# Prepare Analysis Dataset


### Things in this Notebook:

Given the new analysis datasets:

1. Remove these clusters from the tree hierarchy and cluster label dictionary thaat are not part anymore
2. Remove these papers from the paper dictionary
3. Create a legend for three js
4. Create the file for D3js visualization (tree and dendrogram)


In [29]:
import json
import os

import igraph as ig
import pandas as pd
from dotenv import load_dotenv

# Load environment variables from .env file
load_dotenv()

# Access environment variables
python_path = os.getenv("PYTHONPATH")
data_dir = os.getenv("DATA_DIR")
src_dir = os.getenv("SRC_DIR")
output_dir = os.getenv("OUTPUT_DIR")
threejs_dir = os.getenv("THREEJS_OUTPUT_DIR")

In [30]:
path = (
    output_dir
    + "/cluster-qualifications_2025/cluster-label-tree/cluster_labels_tags_full_raw.json"
)
with open(path, "r") as f:
    cluster_labels_tags = json.load(f)

path = (
    output_dir
    + "/cluster-qualifications_2025/cluster-label-tree/cluster_labels_full_raw.json"
)
with open(path, "r") as f:
    cluster_labels = json.load(f)

path = (
    output_dir
    + "/cluster-qualifications_2025/cluster-label-tree/cluster_tree_full_raw.json"
)
with open(path, "r") as f:
    cluster_tree = json.load(f)

### removing the procedural/noise clusters (tag 9), and those with less than 50 papers.


In [31]:
pg = data_dir + "/08-analysis-data/graph_analysis.graphml"

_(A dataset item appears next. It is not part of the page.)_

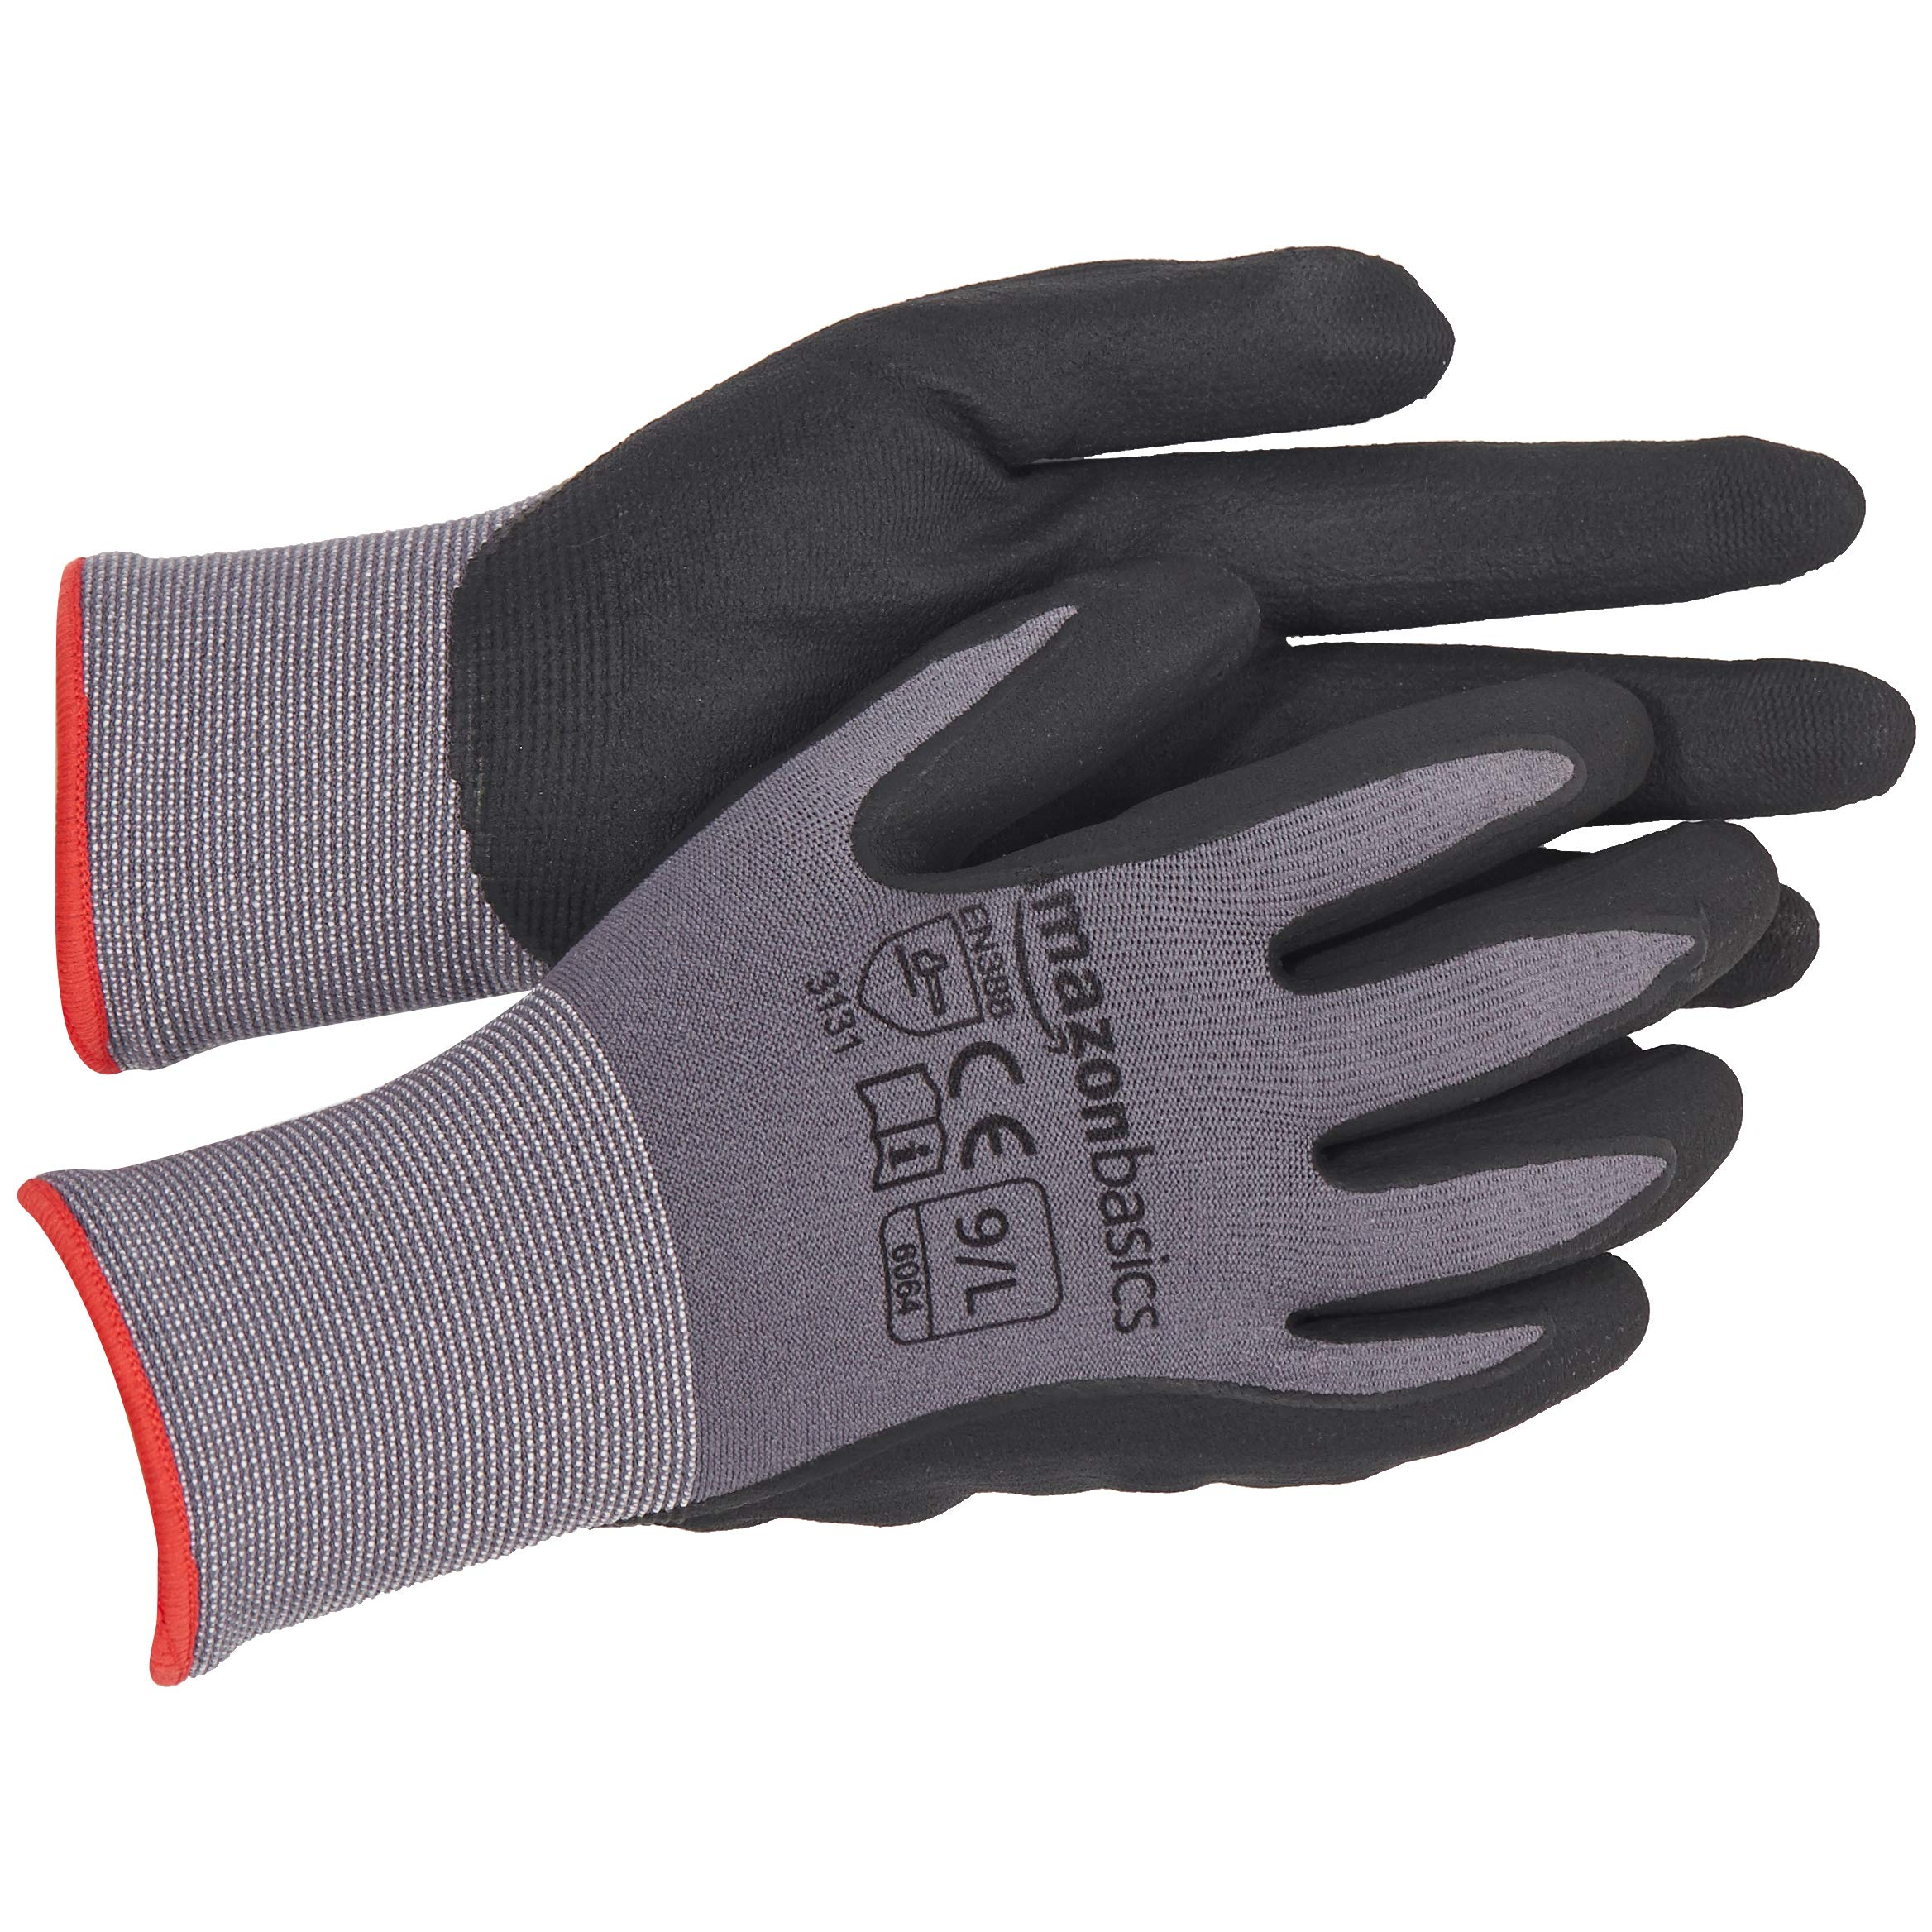 AmazonBasics Micro-Foam Nitrile Coated Work Gloves, Nylon Liner Fiber, Touch Screen, Grey, Size 9, L, 12-Pair by AmazonBasics (Image #6)

g = ig.Graph.Read_GraphML(pg)

pdf = data_dir + "/08-analysis-data/df_analysis.pkl"
df = pd.read_pickle(pdf)

  g = ig.Graph.Read_GraphML(pg)


# New Qualifications


### remove clusters from cluster_labels_tags


In [32]:
final_cluster_list = df["cluster_alpha0.3_k10_res0.002"].unique().tolist()

# remove the clusters from the cluster label dict - using string keys consistently
filtered_cluster_labels_tags = {
    cluster: label
    for cluster, label in cluster_labels_tags.items()
    if cluster in final_cluster_list
}
with open(
    output_dir
    + "/cluster-qualifications_2025/cluster-label-tree/cluster_labels_tags_filtered.json",
    "w",
) as f:
    json.dump(filtered_cluster_labels_tags, f)

filtered_cluster_labels = {
    cluster: label
    for cluster, label in cluster_labels.items()
    if cluster in final_cluster_list
}
with open(
    output_dir
    + "/cluster-qualifications_2025/cluster-label-tree/cluster_labels_filtered.json",
    "w",
) as f:
    json.dump(filtered_cluster_labels, f)

### remove clusters from cluster_tree


In [33]:
def remove_clusters(data, keep_list):
    # Traverse the dictionary recursively
    for key, value in data.items():
        if isinstance(value, list):
            # Convert all elements to strings for consistent comparison
            # Handle float values by converting to integer first if they're whole numbers
            value_as_str = []
            for num in value:
                if isinstance(num, float) and num.is_integer():
                    value_as_str.append(str(int(num)))
                else:
                    value_as_str.append(str(num))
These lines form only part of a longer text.